丁蟹的声音传来。因为现场比较安静,丁蟹的声音较大,我能听到丁蟹的说话。
一听到打电话来的是丁蟹,我心中不由紧张起来。
响尾蛇说任天豪陷入战堂的包围中,但并没说任天豪已经死了,假如任天豪没死,将什么都说了的话,宁公的处理未必就会按照我预期的一样。
宁公冷笑道:“丁蟹,你打电话来是要炫耀的吗?”
丁蟹说:“宁公说哪里话,我丁蟹向来是人不犯我我不犯人,今晚的事情对不起了,出手狠了一点。”
宁公说:“你只是想说这些废话的话,那恕我没时间,挂了。”
“别,别啊!宁公。您还是急性子,我是有重要的事情告诉你呢。”
丁蟹说。
宁公说:“你的狗嘴里能长出象牙?有话快说,有屁快放!”
丁蟹说:“宁公,你难道不想知道,为什么豪哥和蛇哥一出现就被我的人包围吗?”
宁公说:“你的意思是有人给你通风报信?”
我听到丁蟹的话。全身开始惊出了冷汗,千算万算,没算到丁蟹会向宁公告密。
丁蟹说:“宁公果然不是一般人啊,我还没说都猜出了我要说什么。呵呵,没错,正是有人告密,而且告密的人不是别人,正是你们兄弟会的西路元帅莫小坤。哈哈,挂了,宁公你这次可看走眼了,找了一匹白眼狼,哈哈哈!”
丁蟹笑得张狂无比。
宁公挂断电话,眉宇间已是现出杀机,回头看向我,淡淡地问:“你有什么解释?”
戒色插话道:“宁公事情已经很明显了。豪哥和蛇哥被战堂埋伏,根本就是莫小坤导演的一场戏,这样的人,如果不处理,怎么服众?”

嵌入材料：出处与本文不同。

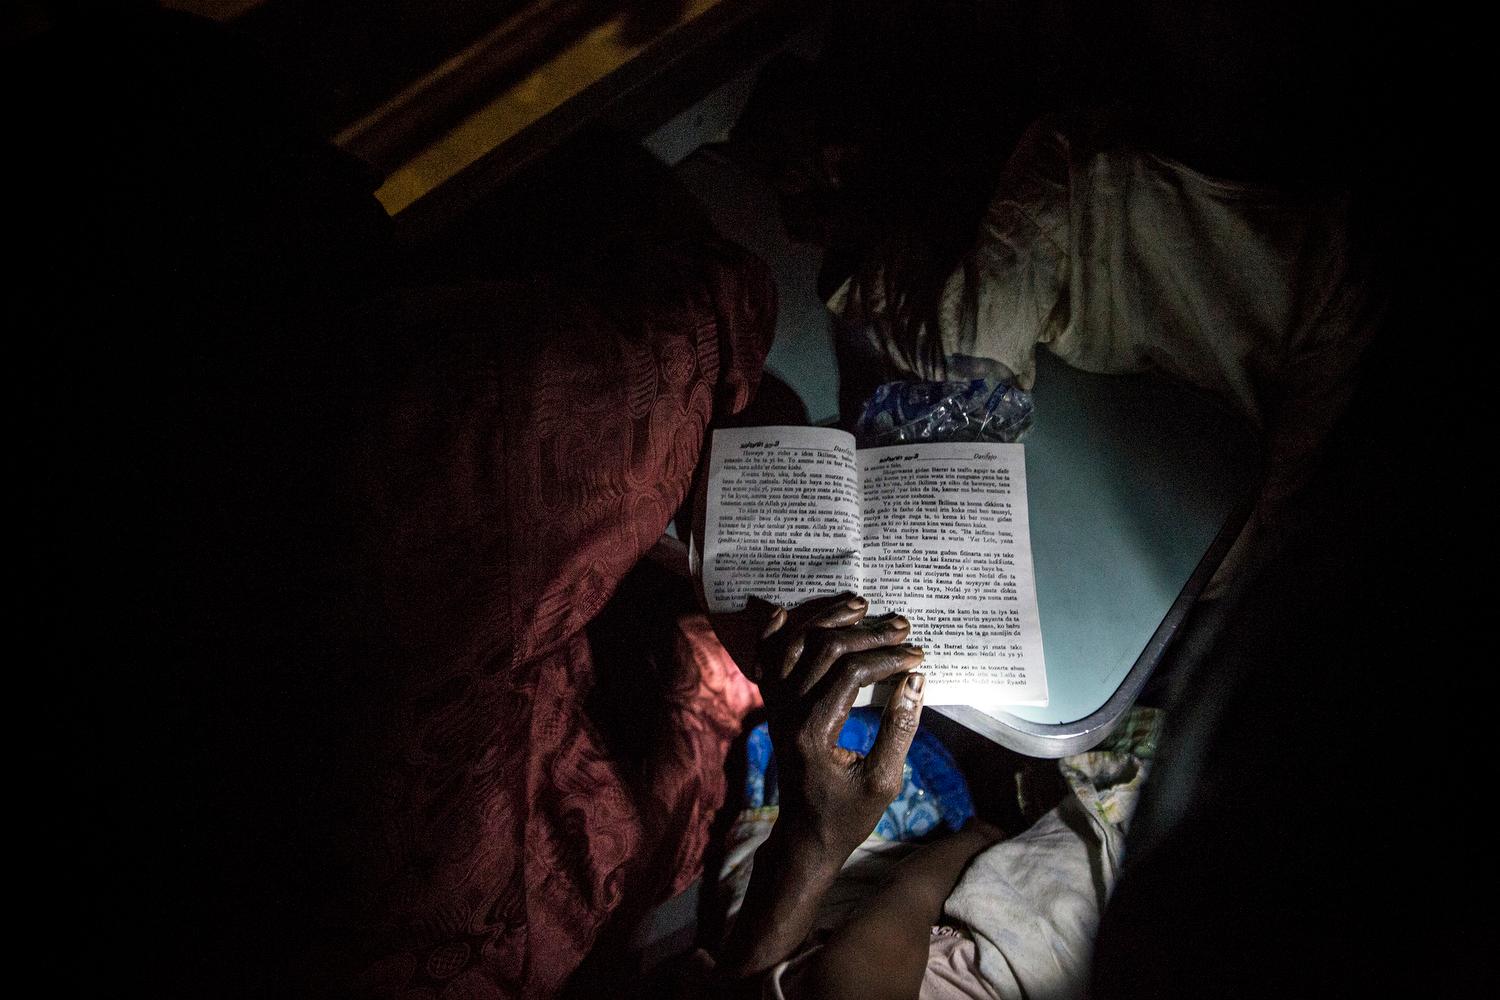 On a train home from Lagos to Kano, a Hausa woman reads a romance novel with the flashlight of her phone.

铁爷滚动手中的铁蛋。说:“如果真是这样的话,我赞成执行家法。”
唐道等人也是纷纷点头,矛头齐齐指向我。
我心中开始慌了,这样的情况有点超出我的预料,比我想象中的更加险恶。
但临急关头。我忽然心中一动,想到了说辞,一边摇头,一边笑了起来。
戒色说:“莫小坤,你笑什么?”
我说道:“戒色无知没什么。可是我没想到……”
“莫小坤,你他么说什么?你说老子无知?”
戒色一听到我说他无知,登时愤怒地站起来,怒视着我。
我冷笑道:“你不无知吗?你不无知,就是暗藏私心,想要陷害我。我知道你不服,因为我赢了你,可做人应该公私分明。”
戒色怒极而笑,说:“好,我倒要听听,你现在又怎么解释,你的一张嘴能说出什么花来。”

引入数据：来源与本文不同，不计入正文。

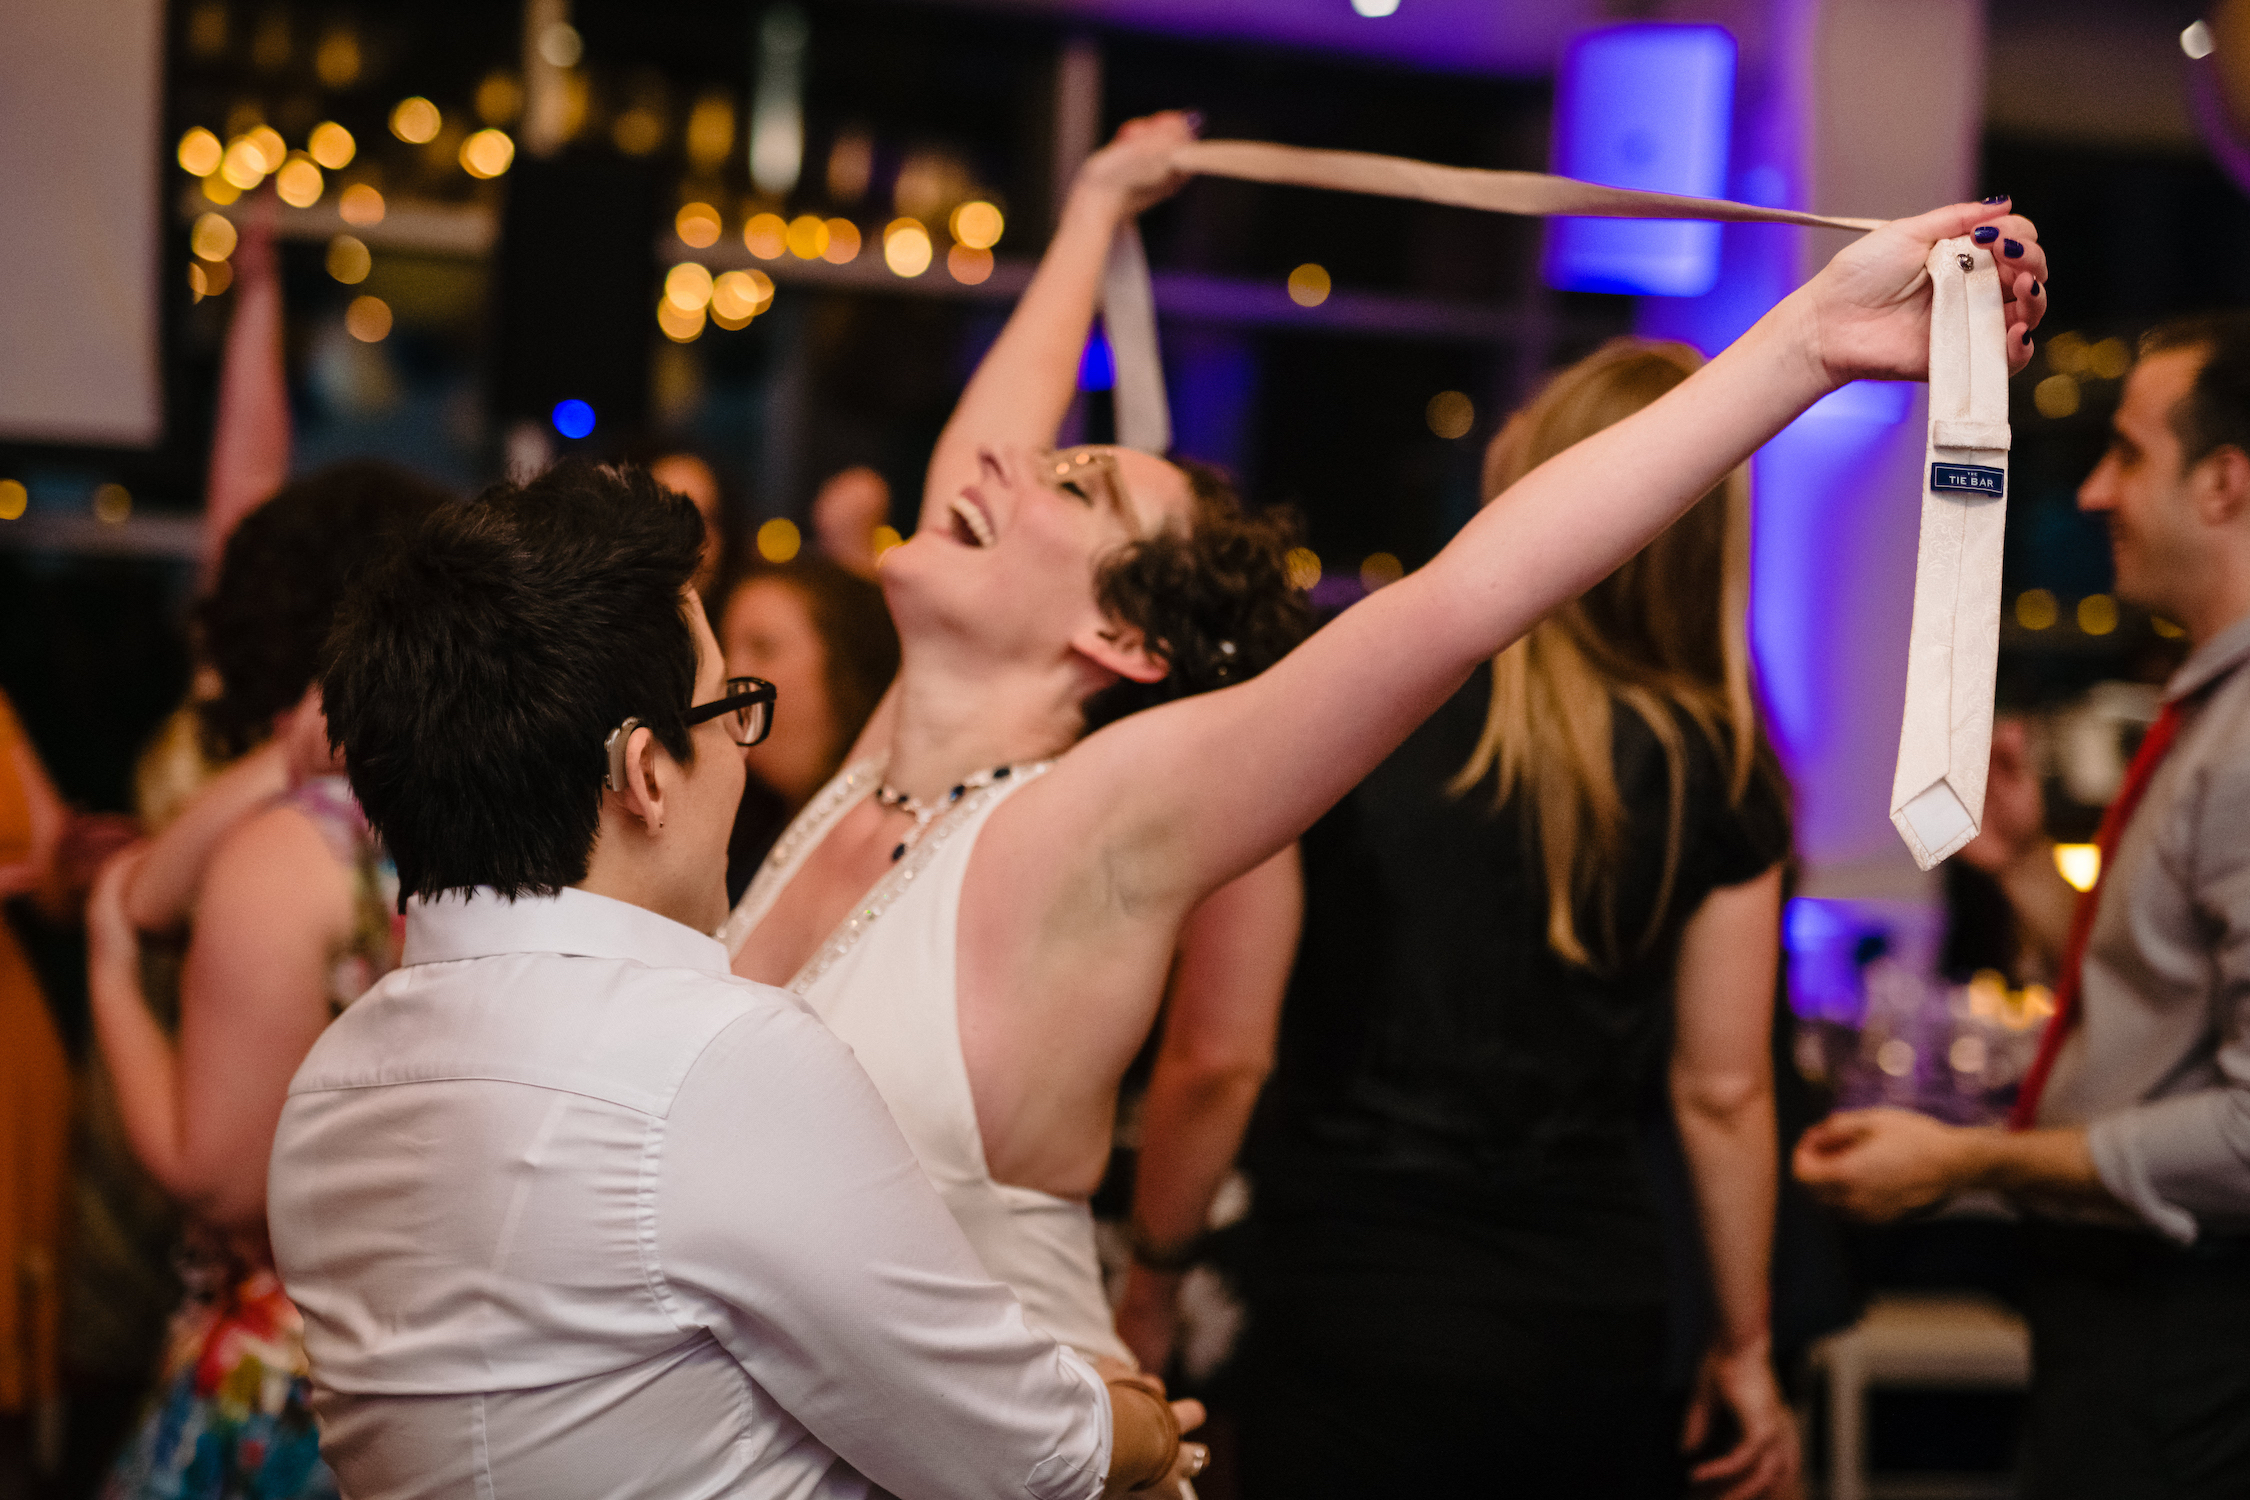 A woman dances with joy during her wedding reception in a photo by Devon Rowland

我笑道:“事情显而易见,丁蟹是在陷害我,故意离间我和社团的关系,让社团处理我,狼堂换人,利于他动手对付我们。大家也不想想,如果我真是南门的奸细,丁蟹怎么还会打这个电话。这一通电话反倒是证明了我的清白,我和南门绝无任何瓜葛。大家说是不是?”
听到我的话,唐道、铁爷等人都是点头,认为我的话有道理。
确实,假如我是南门派来的奸细,不可能丁蟹会向宁公告密。
丁蟹的举动本是要害我,可是却间接帮我证明了清白。
宁公也陷入思考中。
戒色还无脑地叫道:“谁知道你是不是和丁蟹勾结好了,故意让他打电话来?”
我忍不住摇头直笑,随即说道:“说话之前请用你的脑子想想,你觉得可能吗?我说你无知,你还不服?”
戒色看了看其他人,见其他人似乎被我的话说动,不由得着急起来,叫道:“宁公,你可不能信了莫小坤的话,这个人诡计多端。阴险狡诈……”
宁公挥了挥手,说:“你不用再说了,维持先前的决定,莫小坤暂时撤销西路元帅和狼堂堂主的职务,等调查清楚再说。”
铁爷说:“宁公,那小坤的位置,以及熊蛇两堂堂主的位置由谁暂代?”
戒色听到铁爷的话,明显紧张起来,看向宁公,估计是盼望宁公让他取代我的位置。
宁公沉吟了片刻,说:“西路元帅本就是新设的,暂时不用找人取代,狼堂堂主的位置由……”看了看现场的人,续道:“由戒色暂时担任,戒色的位置从本堂中找人暂代。等事情调查清楚以后再说,熊、蛇两堂堂主的位置,我还需要考虑,再做决定。”
熊蛇两堂堂主的位置是要选正式的了,所以宁公较为郑重。
戒色虽然没有成为西路元帅。不过却当上了狼堂堂主,当场大喜。
众所周知,西城如今变得更加重要,谁能坐上狼堂堂主的位置,谁就有可能在这一次的盛宴中分一杯羹,所以戒色很高兴。
我看到暂代我的狼堂堂主位置的果然是戒色,心中忍不住暗笑,果然是戒色,真的能取代我吗?呵呵,等你到了西城区就知道了。
戒色代我担任狼堂堂主,也就是给了我出手对付他的机会。
在宁公宣布完了以后,我便恭敬地对宁公说:“宁公,我打算回老家去修养一段时间,您调查有了结果随时通知我。”
宁公听到我要回老家,当场疑惑起来,说:“你真要回老家?”
在我的计划中,我打算辞去西路元帅和狼堂堂主的位置后,就远离西城区,先撇清关系,然后再暗中指挥,这样的话,戒色在西城区出了什么事情我可不负责。
我说道:“是啊,好久没有休息了,正好趁这次的机会休息一阵子。”
宁公想了想,说:“休息一下也好。不过采洁可不能跟你一起去,良川市这边有些事情需要她帮忙。”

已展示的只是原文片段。